The Talmud states the song list should be highlighted by being written in columns, as is Moses’ song in Exodus 15. Exodus 15 and Joshua 12 are not the only songs in Scripture. The others are the song of the halting of the sun at Gibeon in Joshua 11:12 and 13, Deborah’s victory song in Judges 5, King David’s lament over the death of King Saul and his son Jonathan in II Samuel 1:17-27 and for General Abner in II Samuel 3:33 and 34, and King Solomon’s song offering praise and thanks at the dedication of the temple in I Kings 8:12 and 13. The consensus is that these songs were composed near the time of the events, perhaps long before the prose narratives of the events were composed. It is believed that these songs were originally transmitted orally. It is possible that a collection of such songs appeared in a book called Sefer Hayashar from which the authors of the prose narratives drew them.
Some scholars add to the list of songs the entire Book of Psalms. Others include the psalms of Hannah in I Samuel 2:1-10, King David in II Samuel 22- 23:7 and I Chronicles 16:8-26, and of King Hezekiah in Isaiah 38:10-20.
Since it is possible that there was a collection of songs, such as Sefer Hayashar, from which biblical writers copied their songs, it is possible that our author, after finishing his tale, simply appended the song in chapter 12 to his narrative.

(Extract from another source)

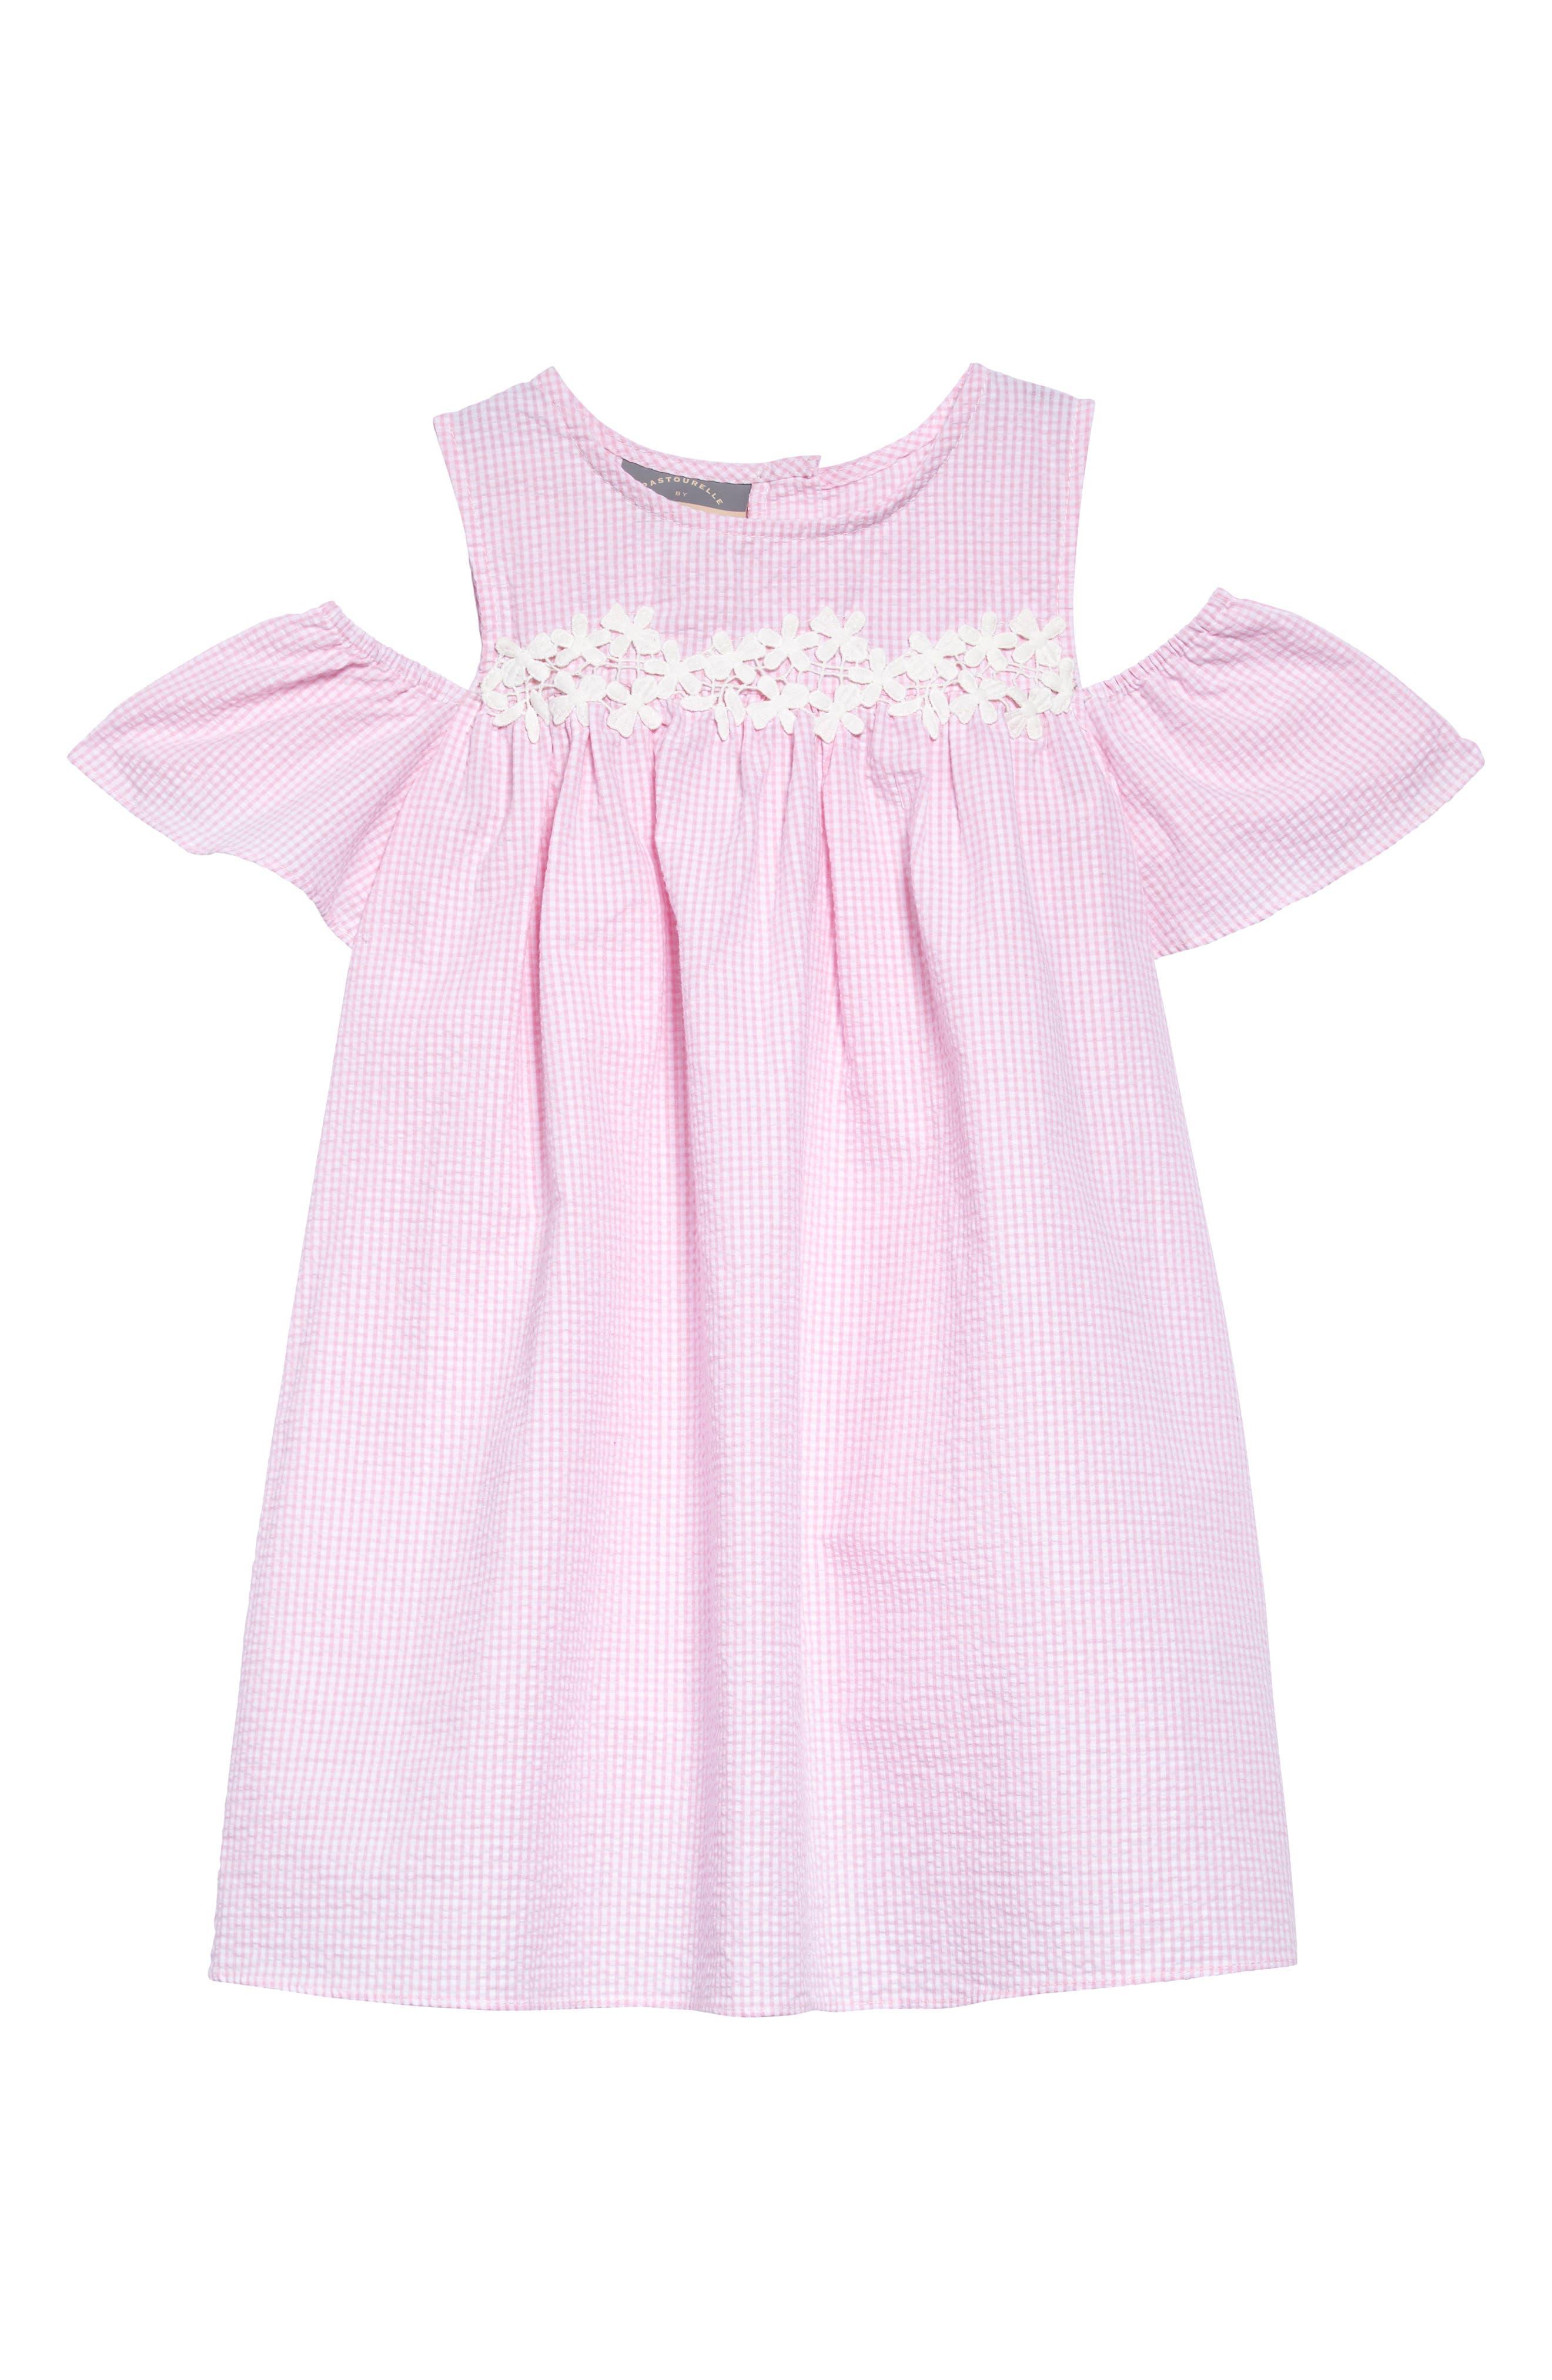 Pastourelle by Pippa & Julie Cold Shoulder Dress (Toddler Girls, Little Girls & Big Girls)

As we saw previously, the book contains many errors. Kaufman notes that the list of thirty-one defeated cities in the chapter is incomplete; about a dozen captured cities mentioned in chapters 10 and 11 are absent. Also cities such as Bet-el, Jerusalem, and Gezer are listed although they were not subdued by Joshua’s forces, and were not defeated until long after his death. Jerusalem, for example, was captured by King David. Kaufman supposes that it is possible that the author of chapter 12 knew of Joshua battles not recorded in the rest of this biblical book.
Why does this book mention that Joshua captured cities when later biblical books state they were defeated after Joshua’s death? Perhaps Joshua vanquished these cities, but was unable to hold them and they needed to be retaken later. Also, the chapter does not indicate that the Israelites occupied all of these cities.
I pointed out in the past that the Masorites indicated the existence of many errors in the Joshua text on the side of biblical pages. For example, they note one in 11:16. The Masorites identify none in chapter 12; however Ehrlich and others state that the wording melekh l’sharon in verse 18 is inconsistent with verses 22 and 23 where the letter lamed is preceded with the name of a city; thus the scribe accidently omitted the city name. The Greek translation Septuagint resolves the problem by omitting Sharon, and since it also omits Bet-el in 16, it concludes with a total of 29 rather than 31 cities. The commentary Olam Hatanakh’s solution is to delete echad in 18 and read “the king of Aphek which is in Sharon.” Thus it states the total number of kings is thirty and the statement that they were thirty-one is an error.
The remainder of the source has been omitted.